[[ GIVEN RECORDS, beginning ]]
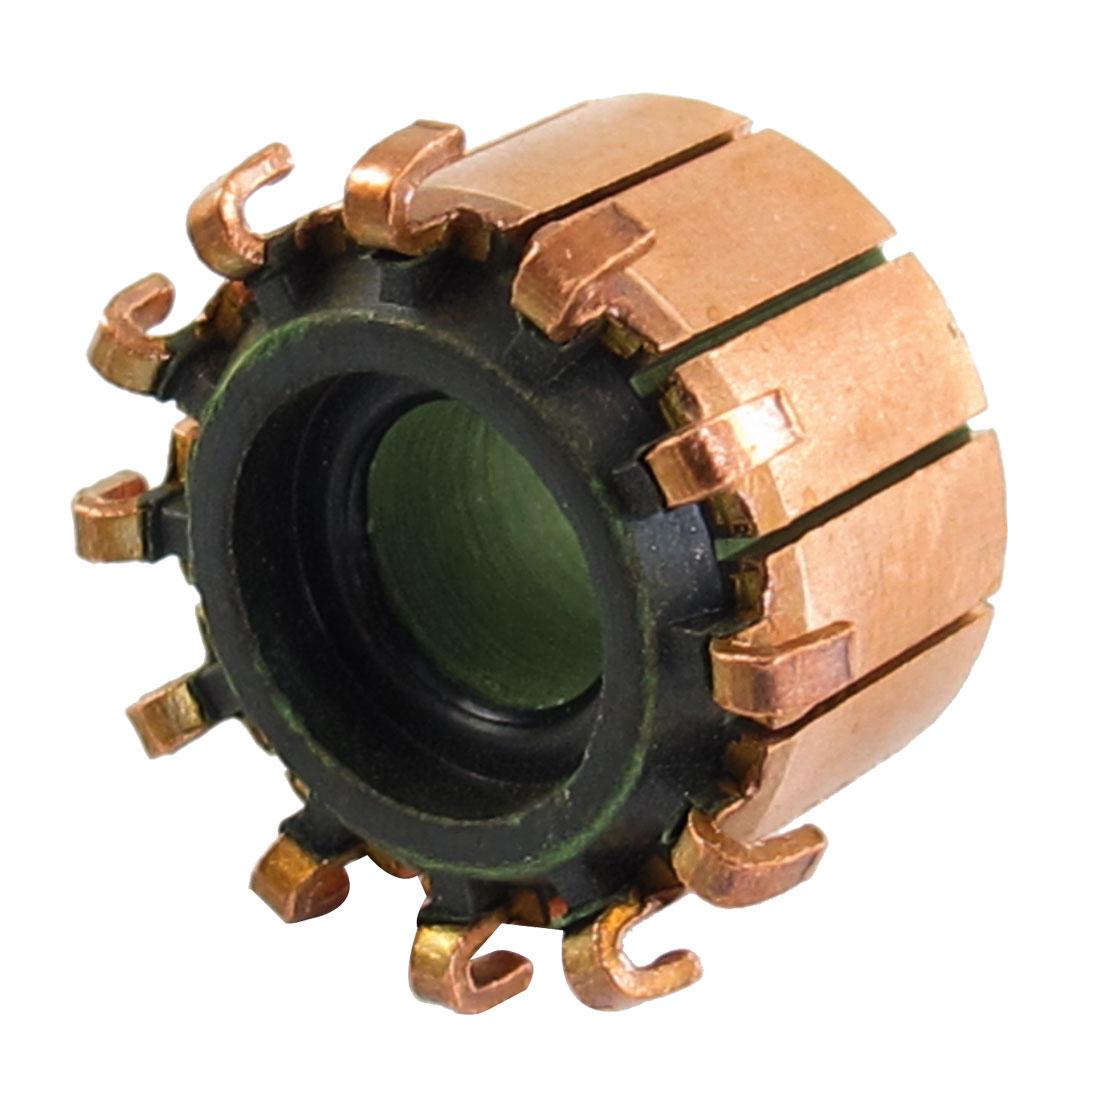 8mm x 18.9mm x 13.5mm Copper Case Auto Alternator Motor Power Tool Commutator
[[ GIVEN RECORDS, end ]]
[[ GIVEN RECORDS, beginning ]]
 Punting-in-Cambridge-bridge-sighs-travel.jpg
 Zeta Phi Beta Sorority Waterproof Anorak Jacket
[[ GIVEN RECORDS, end ]]
[[ GIVEN RECORDS, beginning ]]
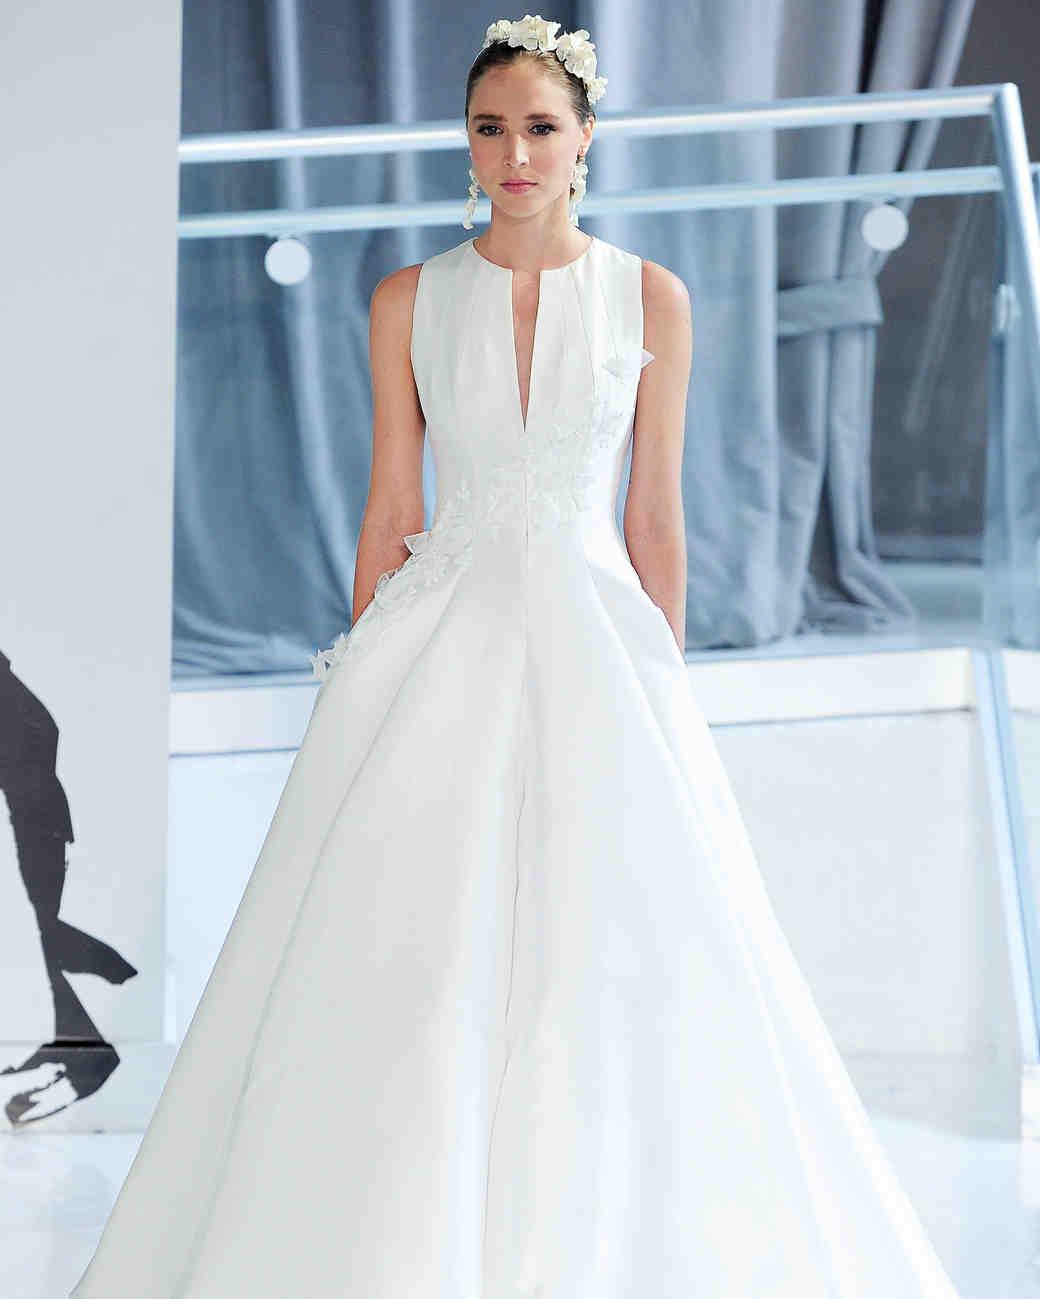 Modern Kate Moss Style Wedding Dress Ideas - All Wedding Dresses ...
[[ GIVEN RECORDS, end ]]
**TASK BRIEF:**
In the listing above, find the line with "Punting-in-Cambridge-bridge-sighs-travel.jpg" and the line with "Zeta Phi Beta"; set down exactly those two lines and every line between them, nothing more.

**RESULT FOR THIS EXERCISE:**
 Punting-in-Cambridge-bridge-sighs-travel.jpg
 Zeta Phi Beta Sorority Waterproof Anorak Jacket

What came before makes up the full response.